Cali broke two toes when she was about four months old (jumping down from the kitchen counter and bringing a saucer down with her which landed on her foot). And Cleo was sick when I got her and I didn't know it yet. Those have been my only unexpected expenses. 

Thousands? 8O Not normally.


----------



## Capta (Sep 5, 2009)

WhiteKitties said:


> and a cat that has a playmate is a cat who's less likely to destroy your home because he's bored!


Ah, never thought about that...


----------



## marie73 (Jul 12, 2006)

Yup, with two, you get cuddles!


----------



## Capta (Sep 5, 2009)

Thanks everyone for the wonderful and helpful responses! I am so excited, I cannot wait to get these two home. I believe I was told that they would be ready in 2-3 weeks. Argghh...oh, well, at least I can start buying all the necessities now. I'll keep you guys informed as the process goes on and when I get them home I'll have plenty of stories and photos!


----------



## Capta (Sep 5, 2009)

marie73 said:


> Yup, with two, you get cuddles!



Awwww! That is soooo cute!!! What happened to the kitty with the blue wrap on?


----------



## DesnBaby (Apr 18, 2004)

Aww, I hope you get them, their so cute.


----------



## Capta (Sep 5, 2009)

DesnBaby said:


> Aww, I hope you get them, their so cute.


I just got an Email from the lady running the Shelter, shes bringing them in to meet me tomorrow!!(Their in a shelter an hour away, and she's willing to bring them in to town) I'll then pay for them BOTH......then in 2 weeks....their mine!! :luv


----------



## marie73 (Jul 12, 2006)

> What happened to the kitty with the blue wrap on?


That's Cali - the one who broke her two toes. Thanksgiving day, of course!


----------



## Zachariah Atteberry (Sep 2, 2009)

Both very cute kittens! i hope you get them =] , can't wait for the storys and pictures


----------



## Leazie (Apr 14, 2007)

How exciting that you are adding 2 kitites to your family! How old are your human kids? The cats can be great companions for them.


----------



## Capta (Sep 5, 2009)

Leazie said:


> How exciting that you are adding 2 kitites to your family! How old are your human kids? The cats can be great companions for them.

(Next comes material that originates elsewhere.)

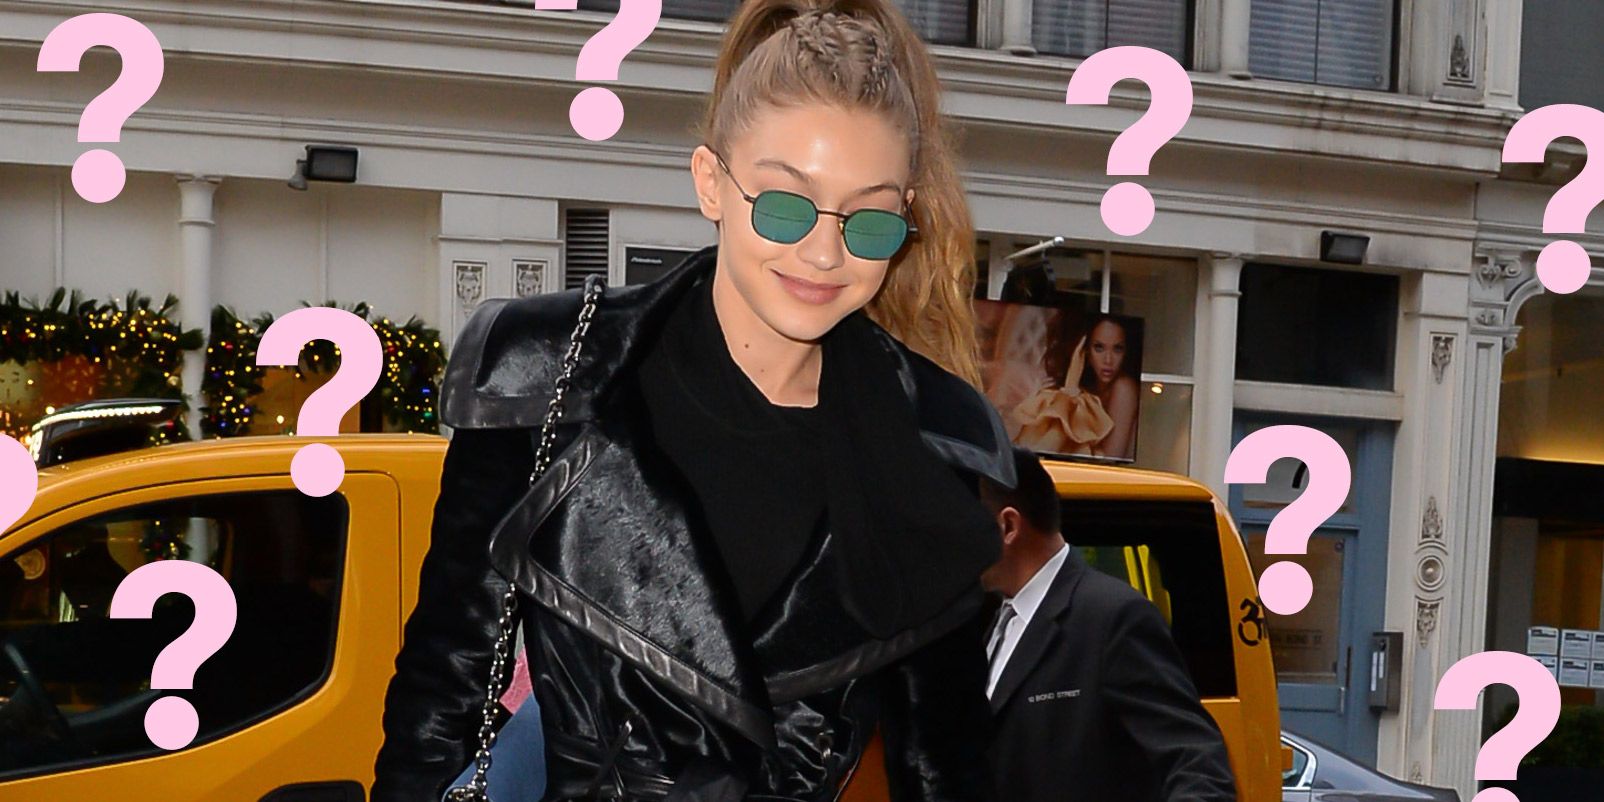 Gigi Hadid spotted with multiple Victoria's Secret shopping bags

My daughters are 15,13,11 and 9. And their all very excited and willing to help to raise them.
Are all those cats yours? 8O


----------



## Heidi n Q (Nov 22, 2006)

Capta said:


> Are all those cats yours? 8O


 :lol: Sorry, I had to laugh! We have several members here who have a houseful of kitties!
Here were our 8 when we first moved in, 2001. You can also see part of the LitterChest.









Here is a pic of the group from about 2006, or so...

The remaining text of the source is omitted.